What are the lines below, starting at the line containing "A Short History" and ending at the line containing "Image of first"? Write them out exactly, ends included, without pictures.

■ **DATA EXTRACT**:
------------

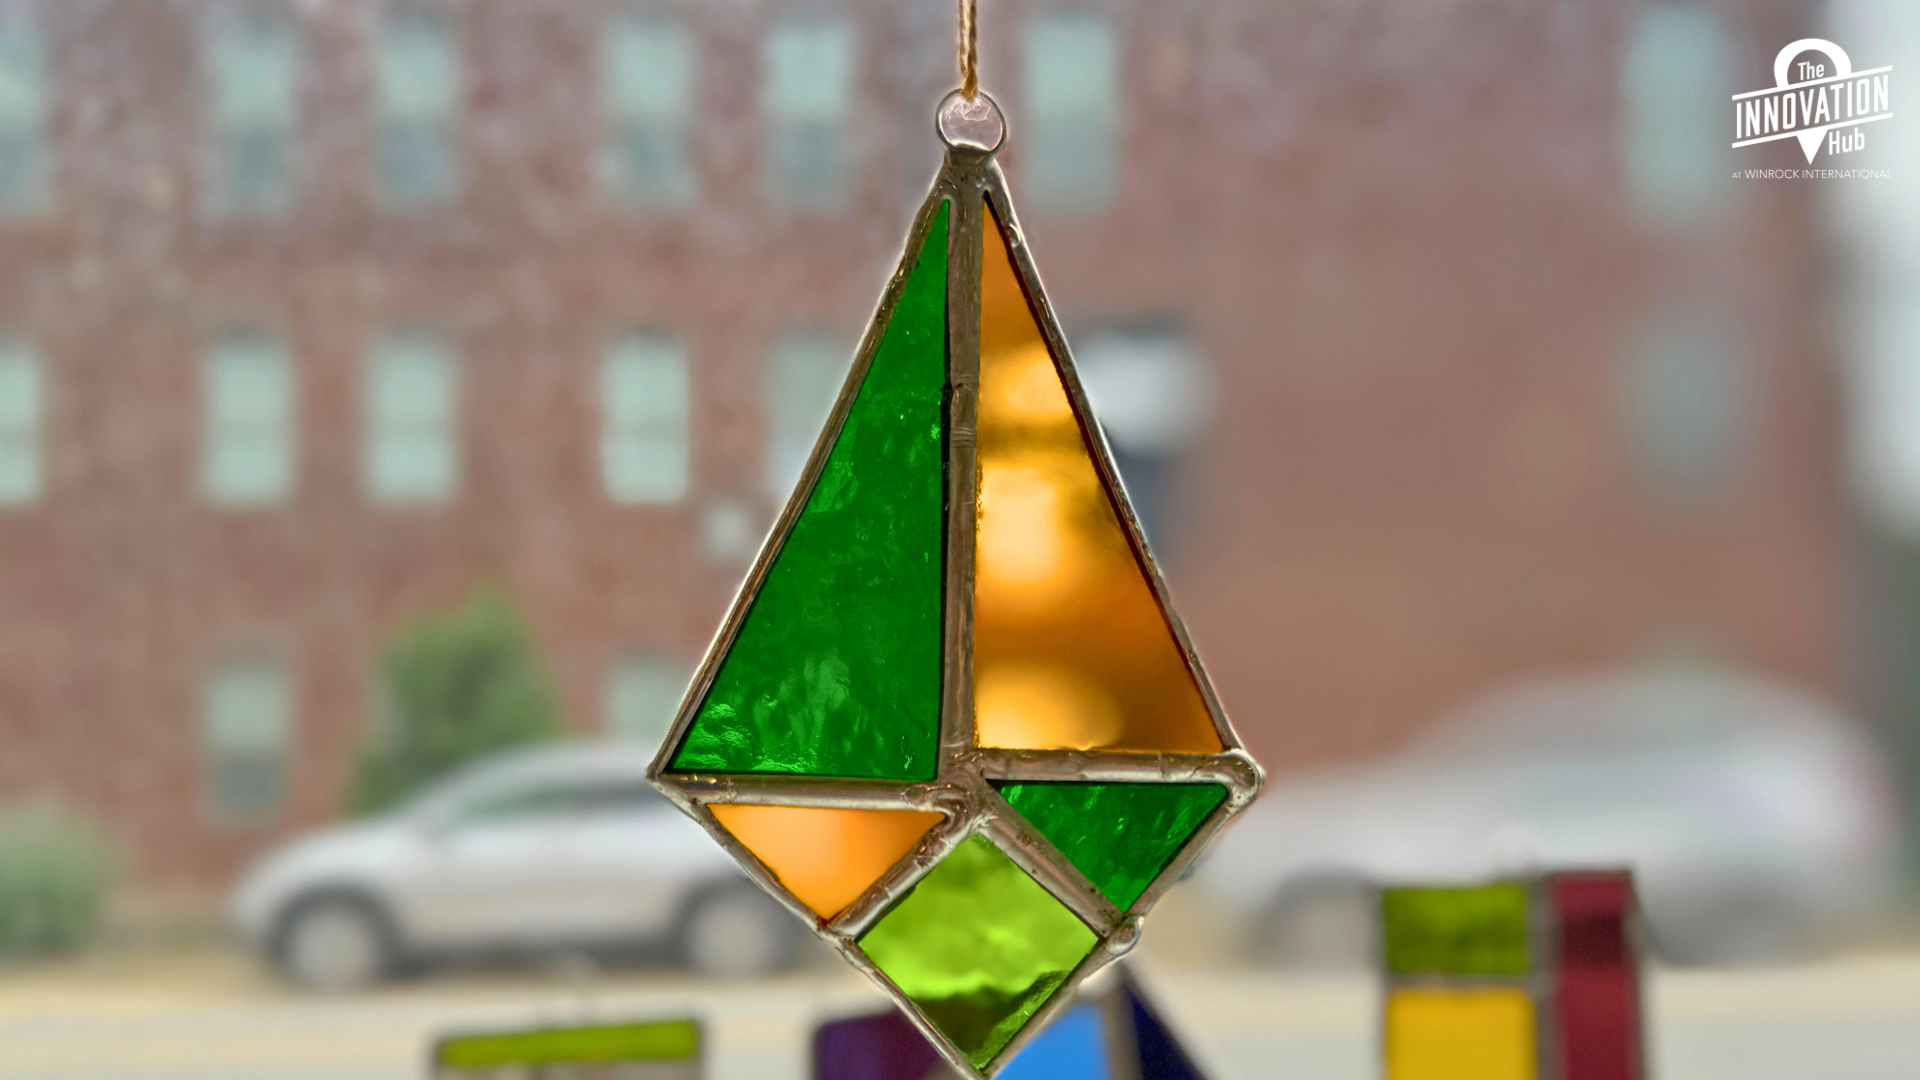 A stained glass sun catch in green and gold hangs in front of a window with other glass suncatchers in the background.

------------

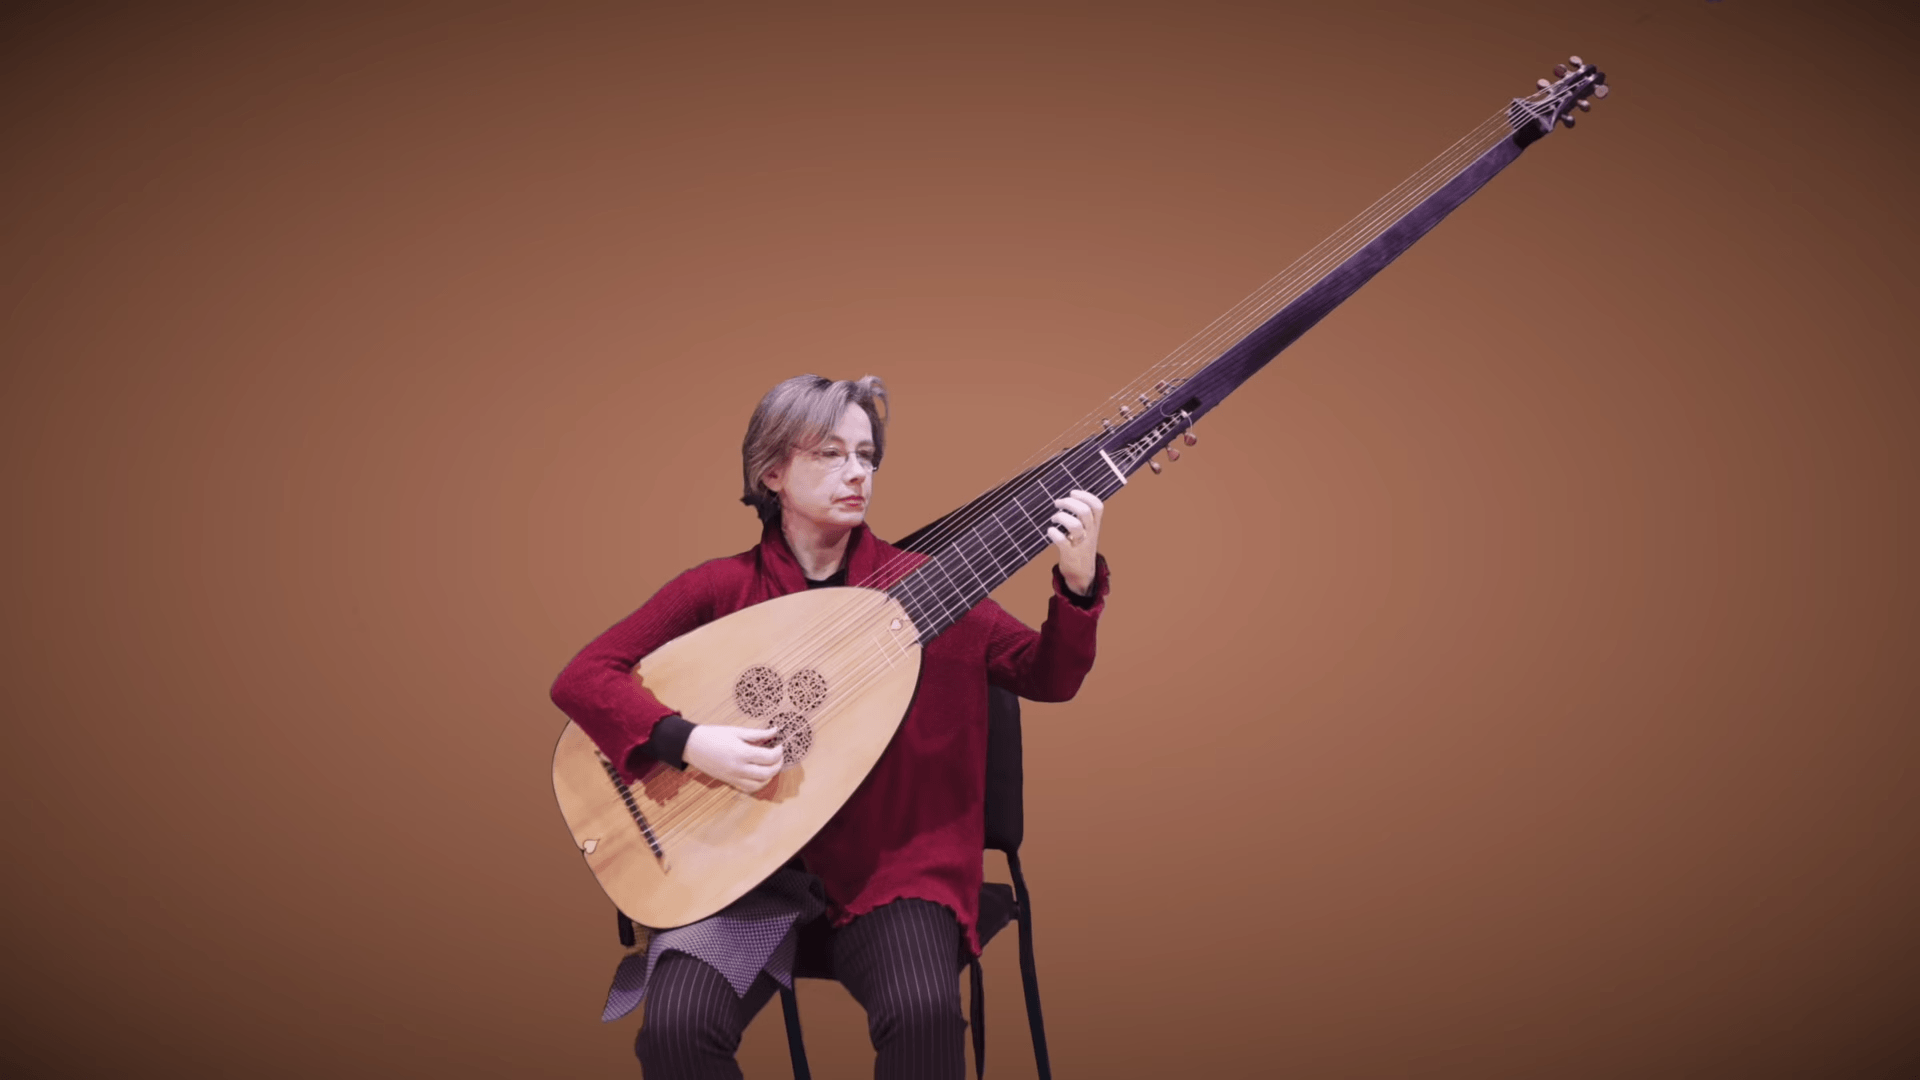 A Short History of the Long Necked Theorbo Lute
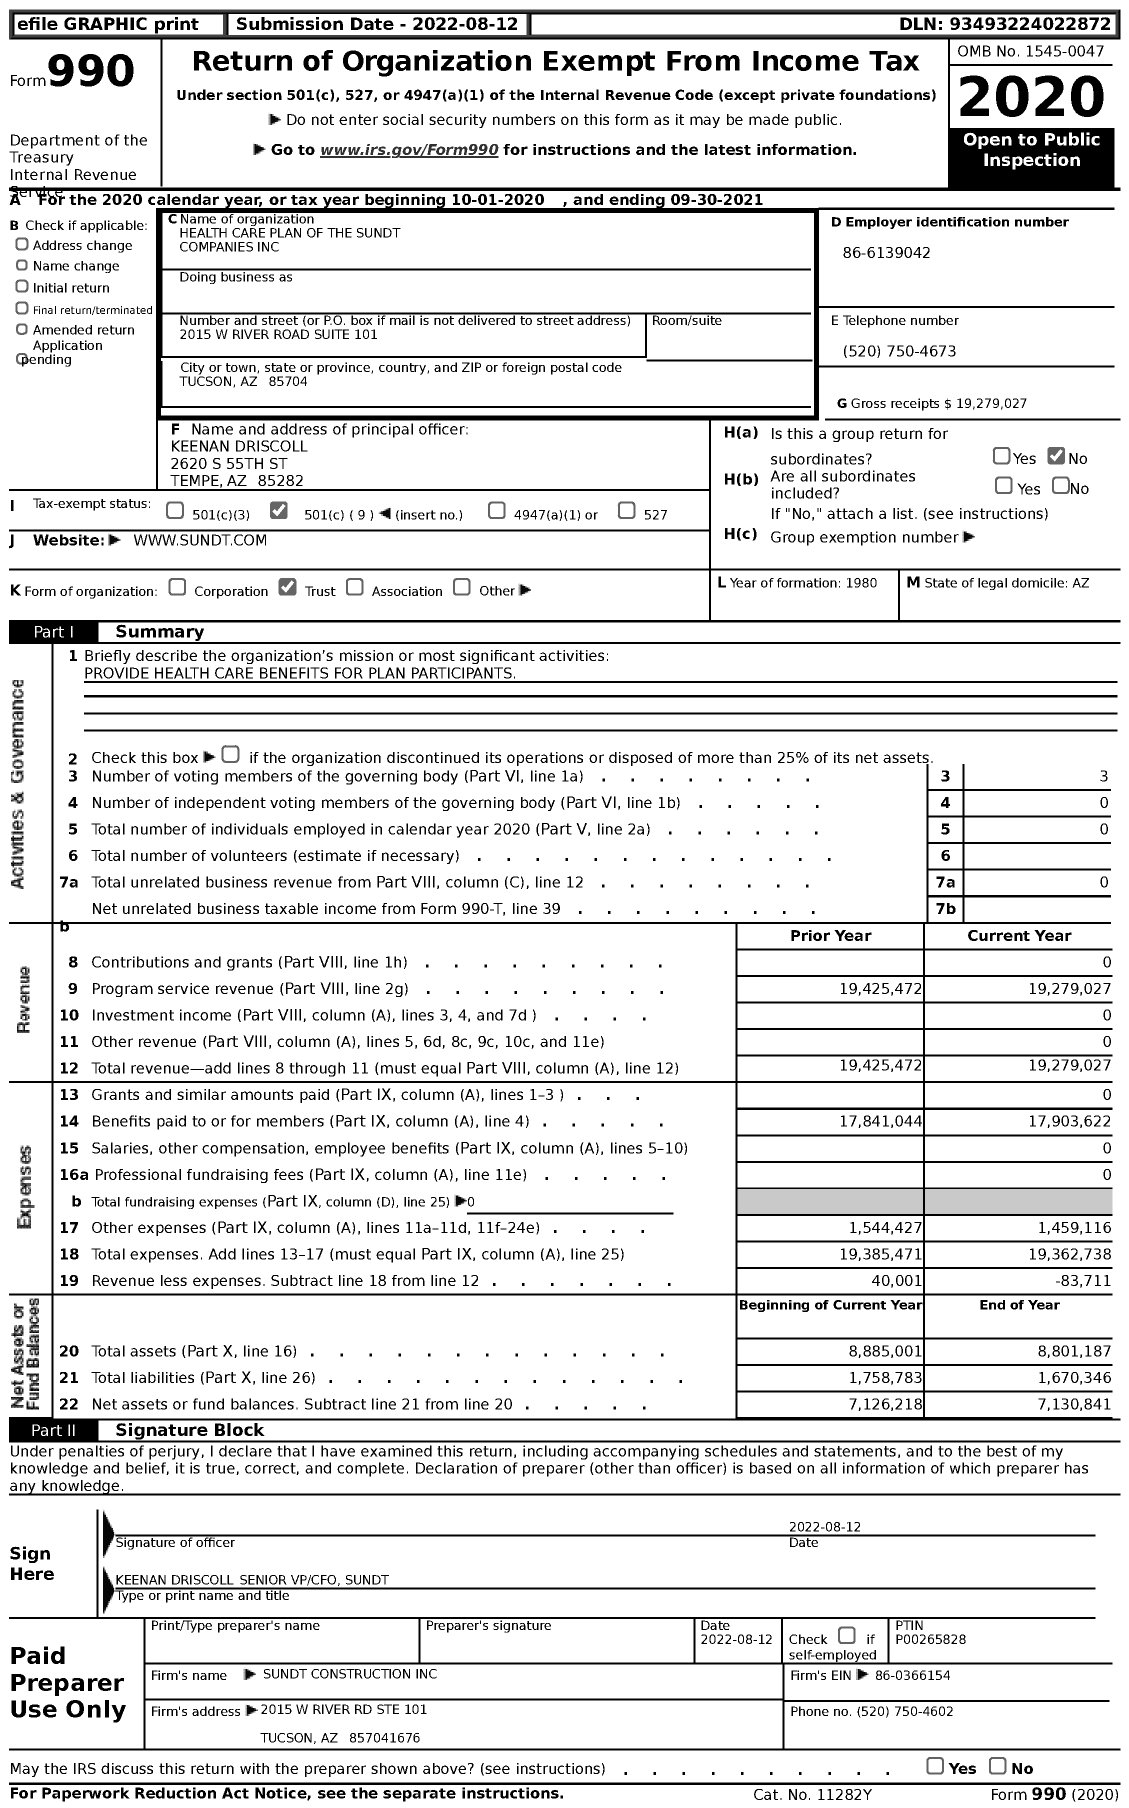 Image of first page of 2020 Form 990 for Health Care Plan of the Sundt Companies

------------

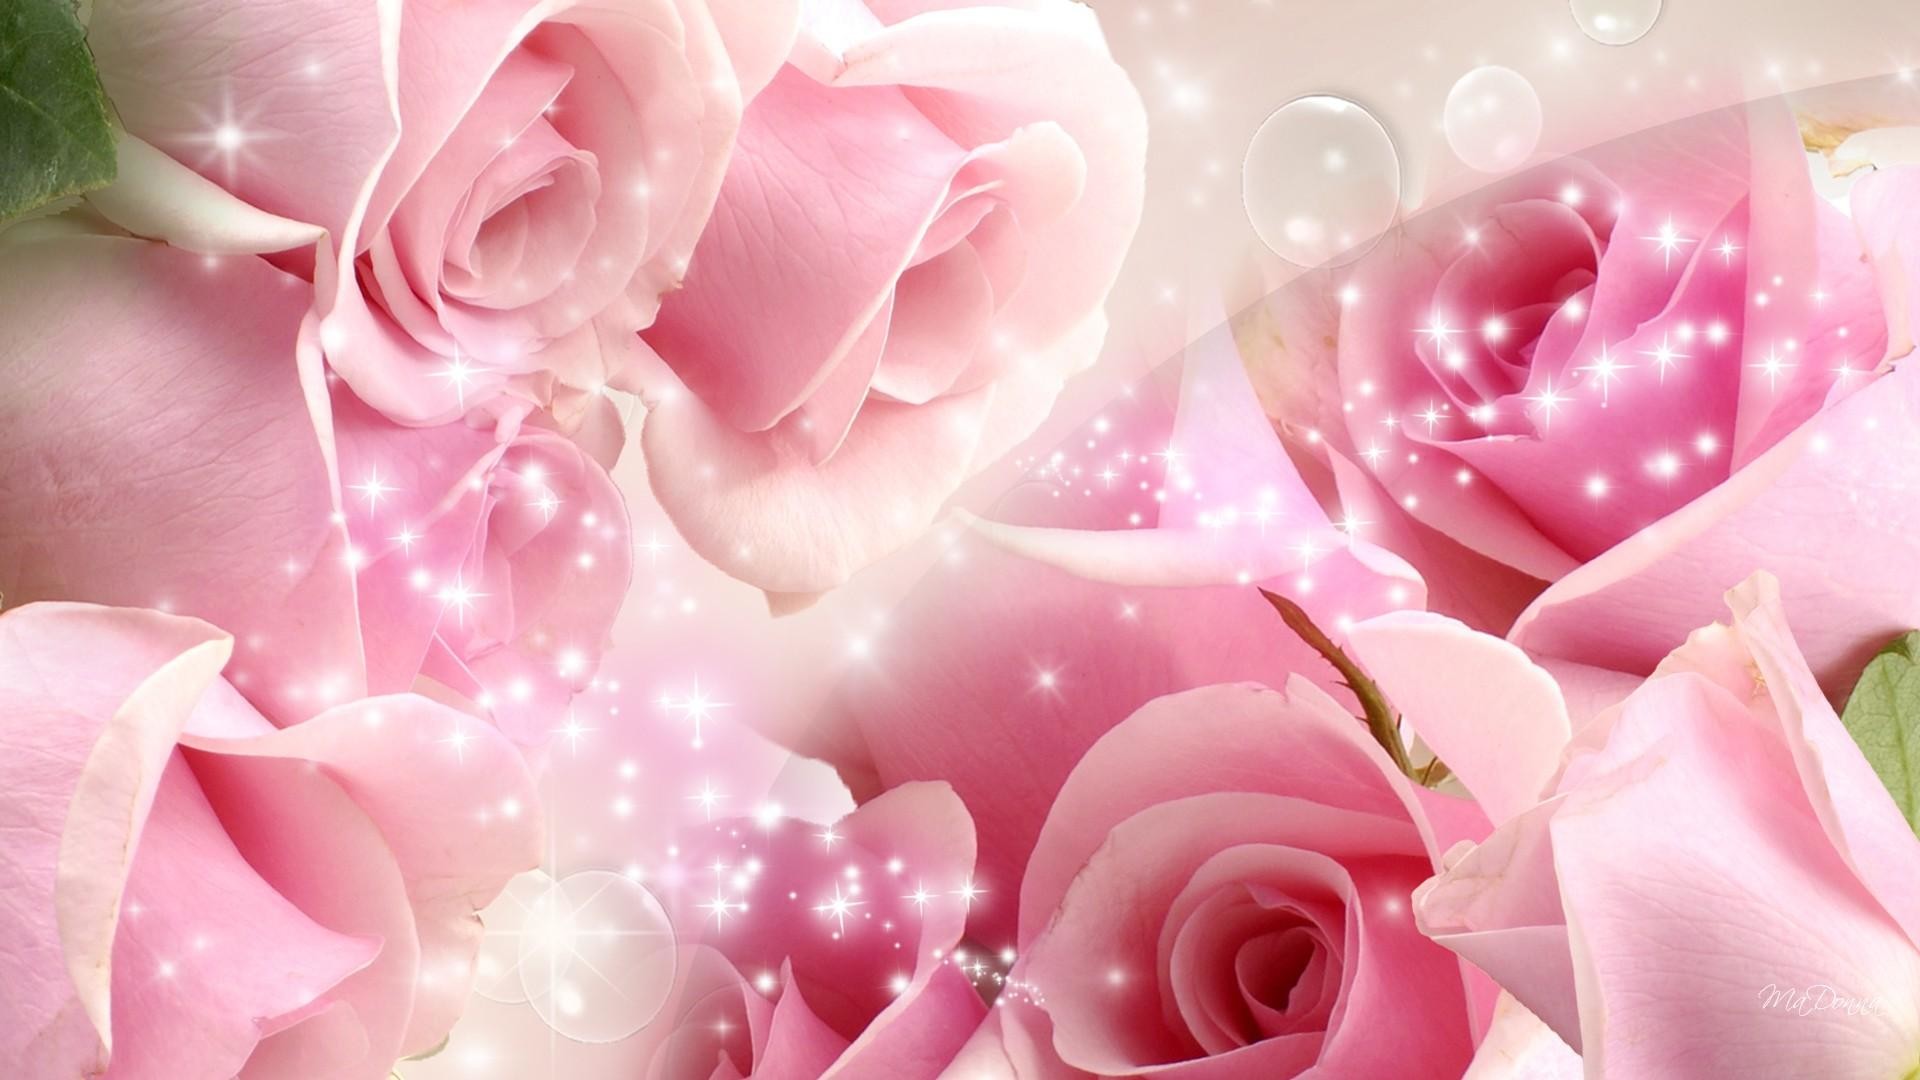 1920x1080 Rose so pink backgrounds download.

------------

■ **EXPECTED ANSWER**:
 A Short History of the Long Necked Theorbo Lute
 Image of first page of 2020 Form 990 for Health Care Plan of the Sundt Companies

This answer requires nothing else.